## What needs to be done
Copy out each line of the data that holds the word "Home".

## Data to process
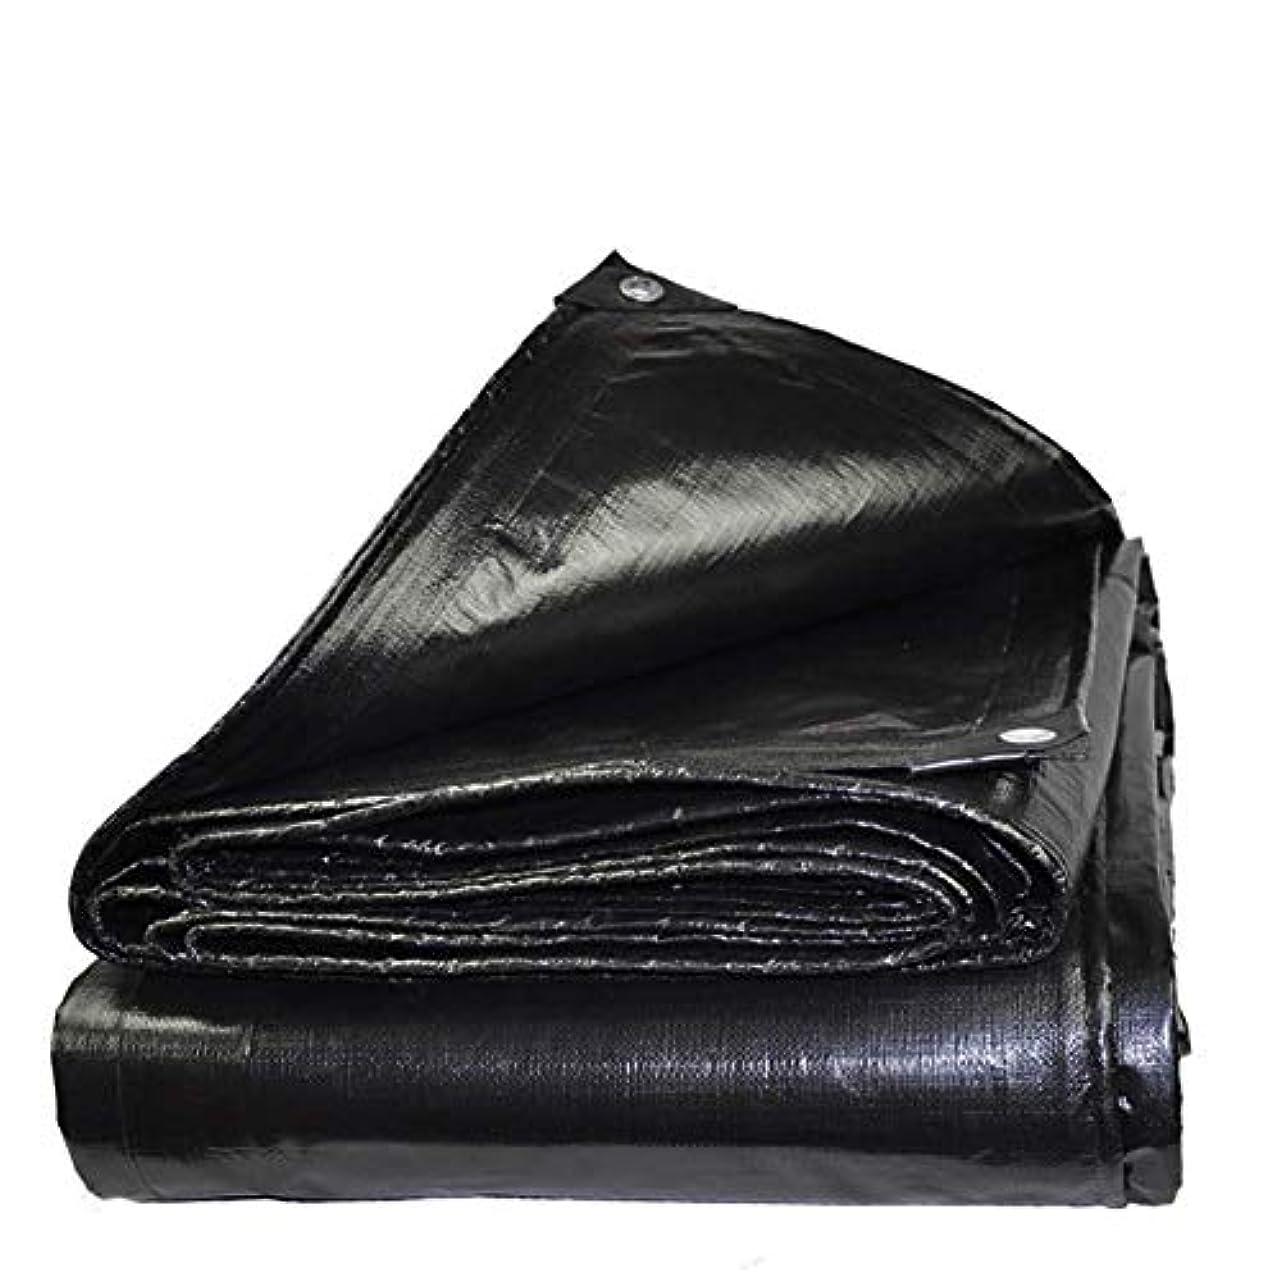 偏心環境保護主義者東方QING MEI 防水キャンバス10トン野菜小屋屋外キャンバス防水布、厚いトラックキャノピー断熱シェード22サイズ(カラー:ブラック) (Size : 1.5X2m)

==

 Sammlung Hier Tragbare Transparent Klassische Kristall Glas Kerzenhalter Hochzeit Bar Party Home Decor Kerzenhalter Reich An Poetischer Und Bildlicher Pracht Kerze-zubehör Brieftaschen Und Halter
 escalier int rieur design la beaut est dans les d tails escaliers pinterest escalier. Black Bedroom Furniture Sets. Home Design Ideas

...

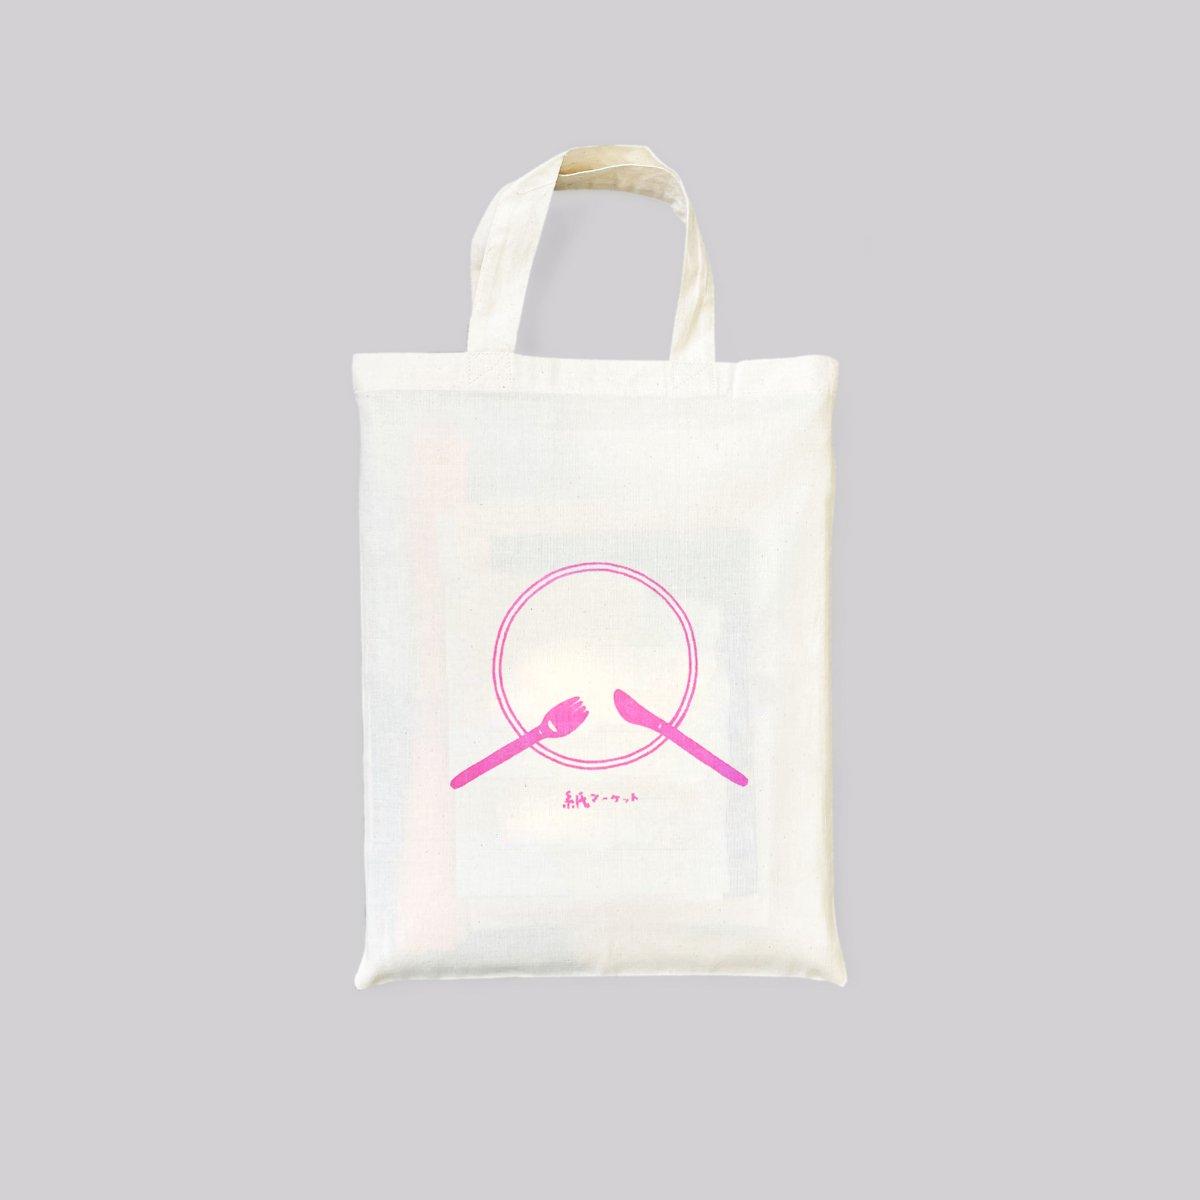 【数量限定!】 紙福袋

## Answer to this exercise
 Sammlung Hier Tragbare Transparent Klassische Kristall Glas Kerzenhalter Hochzeit Bar Party Home Decor Kerzenhalter Reich An Poetischer Und Bildlicher Pracht Kerze-zubehör Brieftaschen Und Halter
 escalier int rieur design la beaut est dans les d tails escaliers pinterest escalier. Black Bedroom Furniture Sets. Home Design Ideas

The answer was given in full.